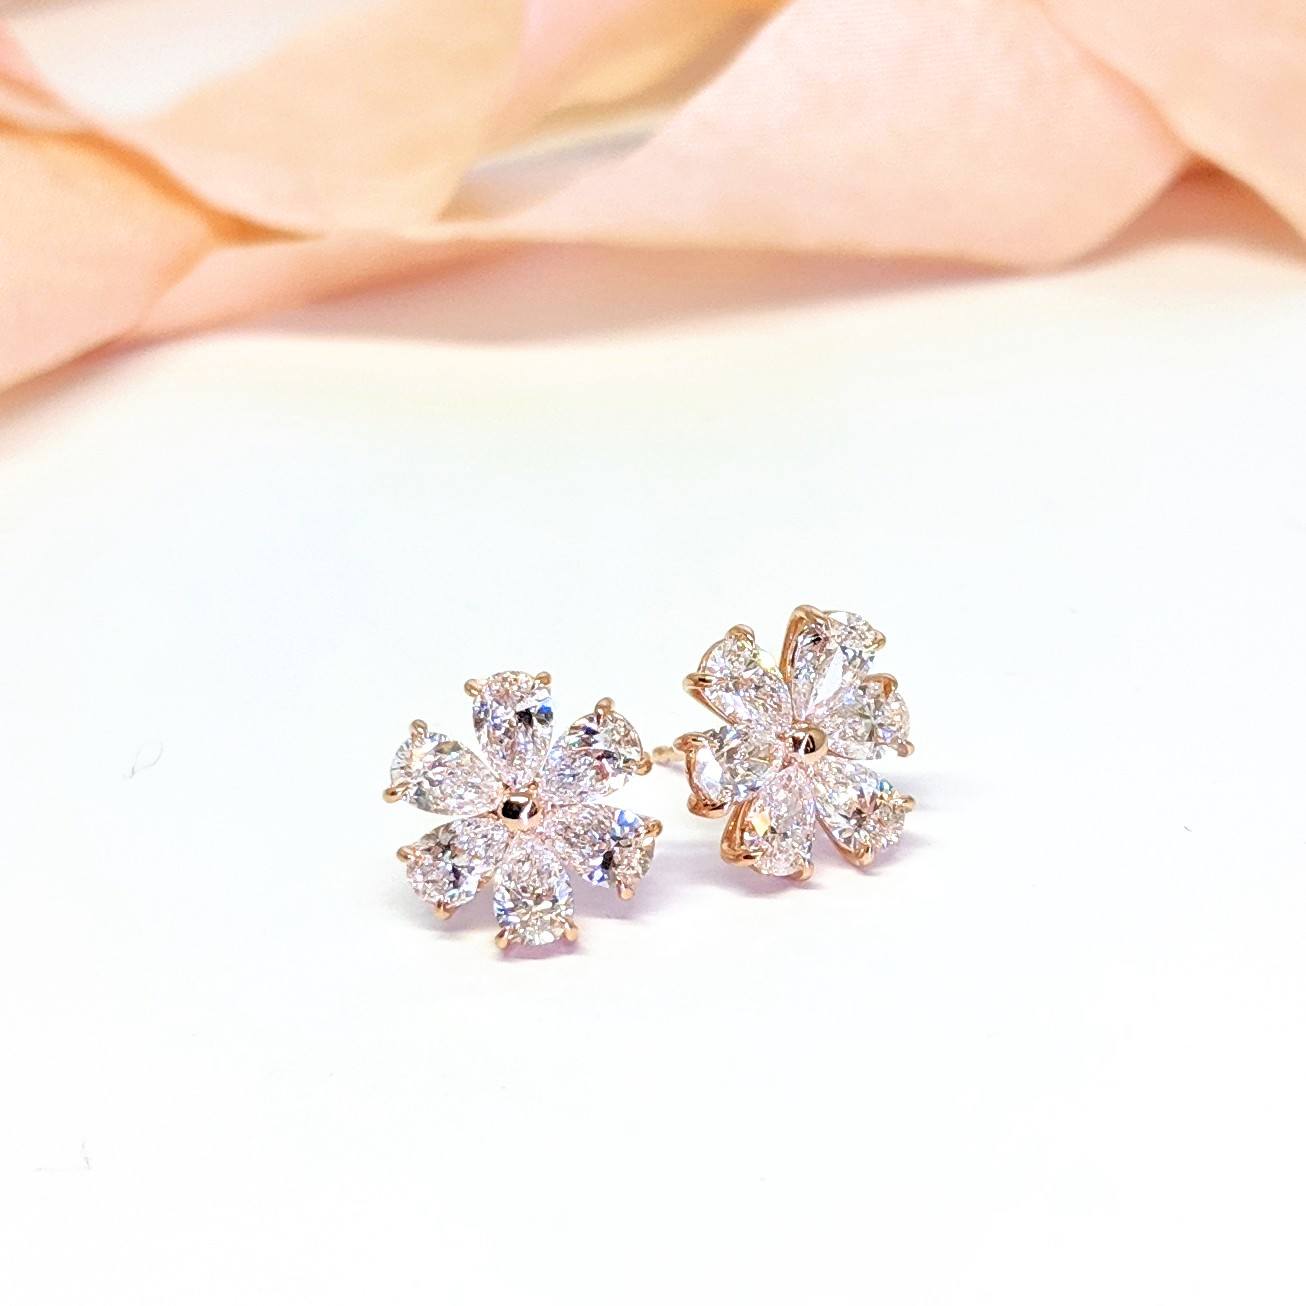 rose gold and diamond earrings
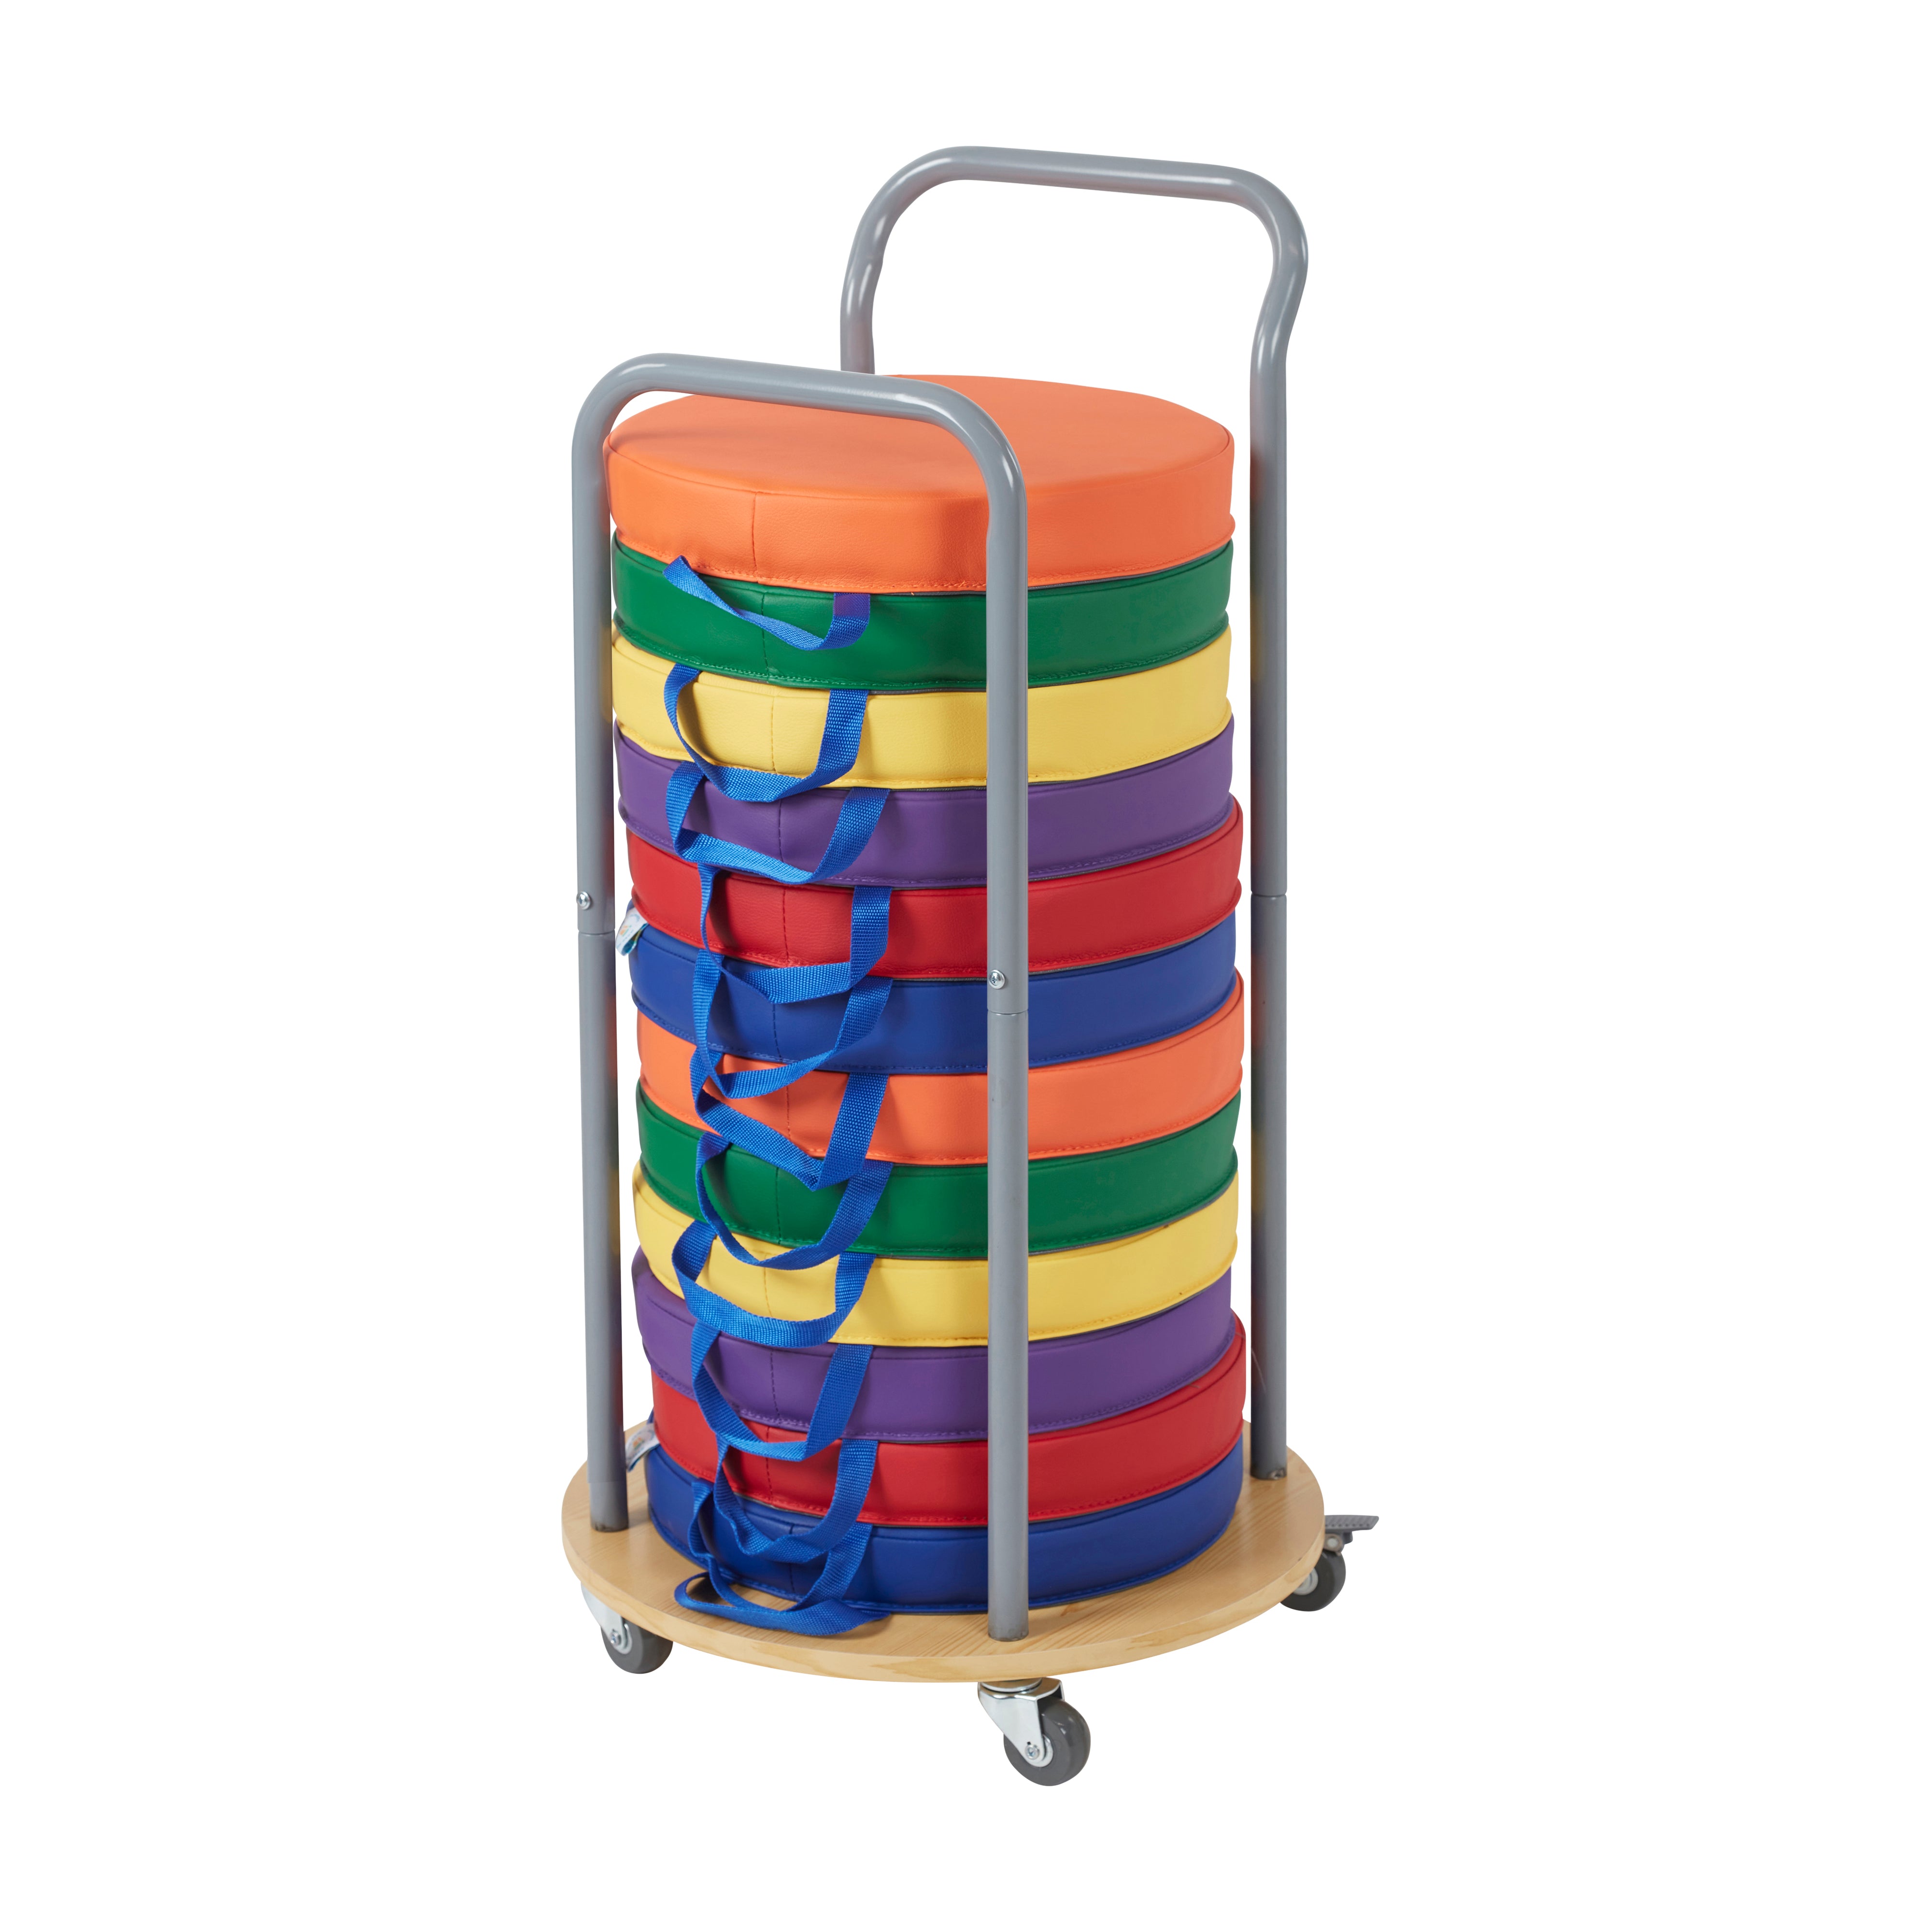 Mobile Storage Cart and 12 Round Floor Cushions with Handle, Classroom Flexible Seating
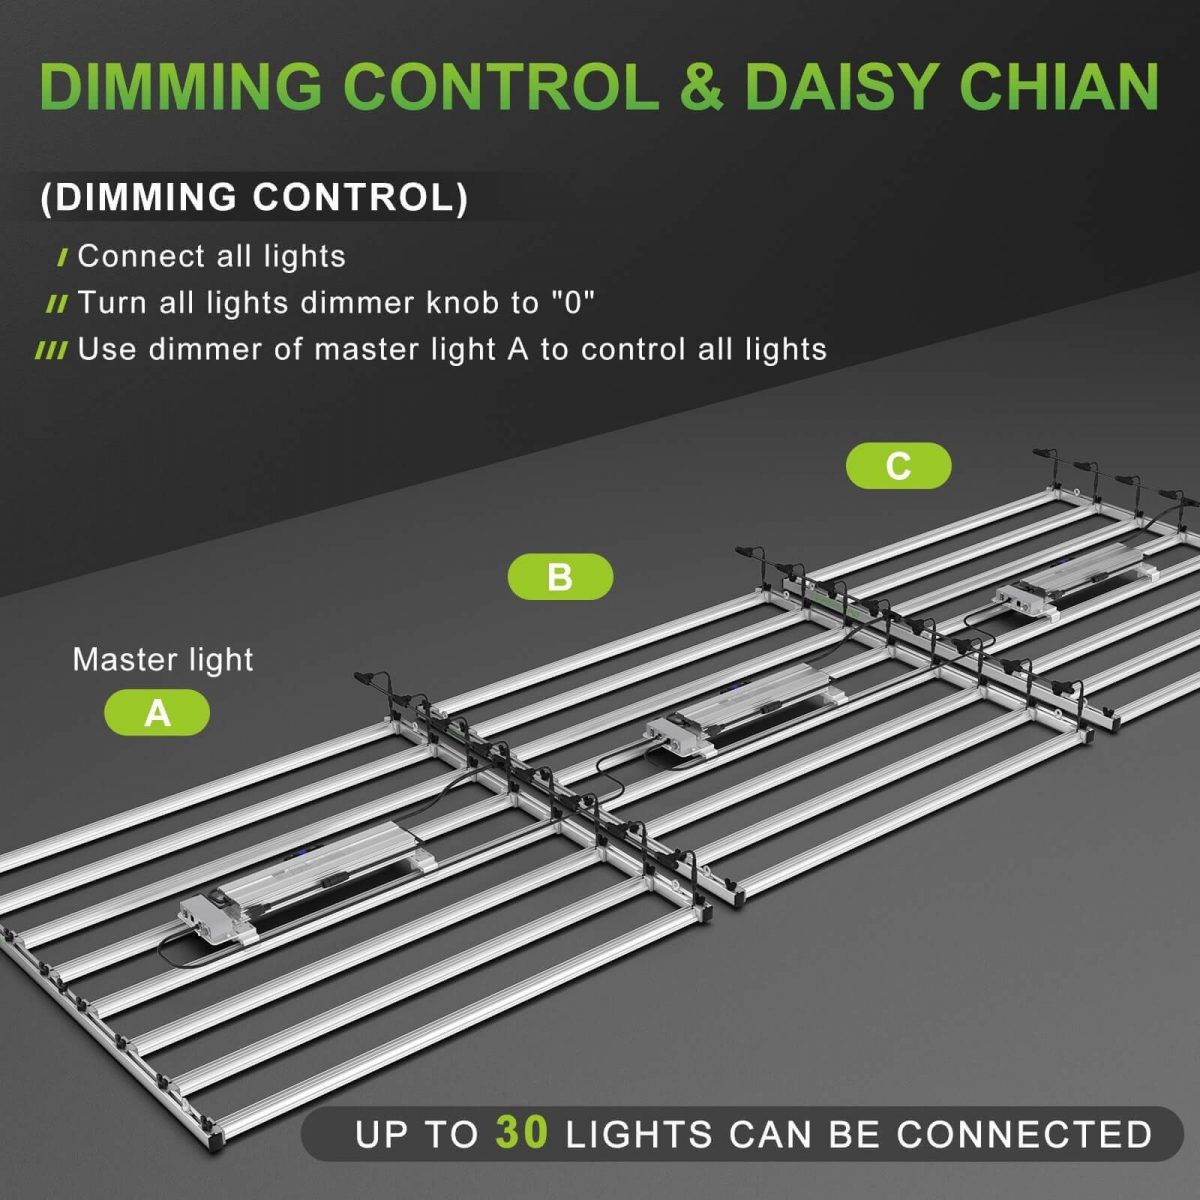 FC-E8000 LED grow lights support dimming daisy chain function to adjust light intensity of up to 30 LEDs with one dimmer.

Work instructions
All lines from the line with "Mobile Storage Cart" through the final line of the data, both included, are to be repeated exactly; no other lines and no pictures.

Written reply
 Mobile Storage Cart and 12 Round Floor Cushions with Handle, Classroom Flexible Seating
 FC-E8000 LED grow lights support dimming daisy chain function to adjust light intensity of up to 30 LEDs with one dimmer.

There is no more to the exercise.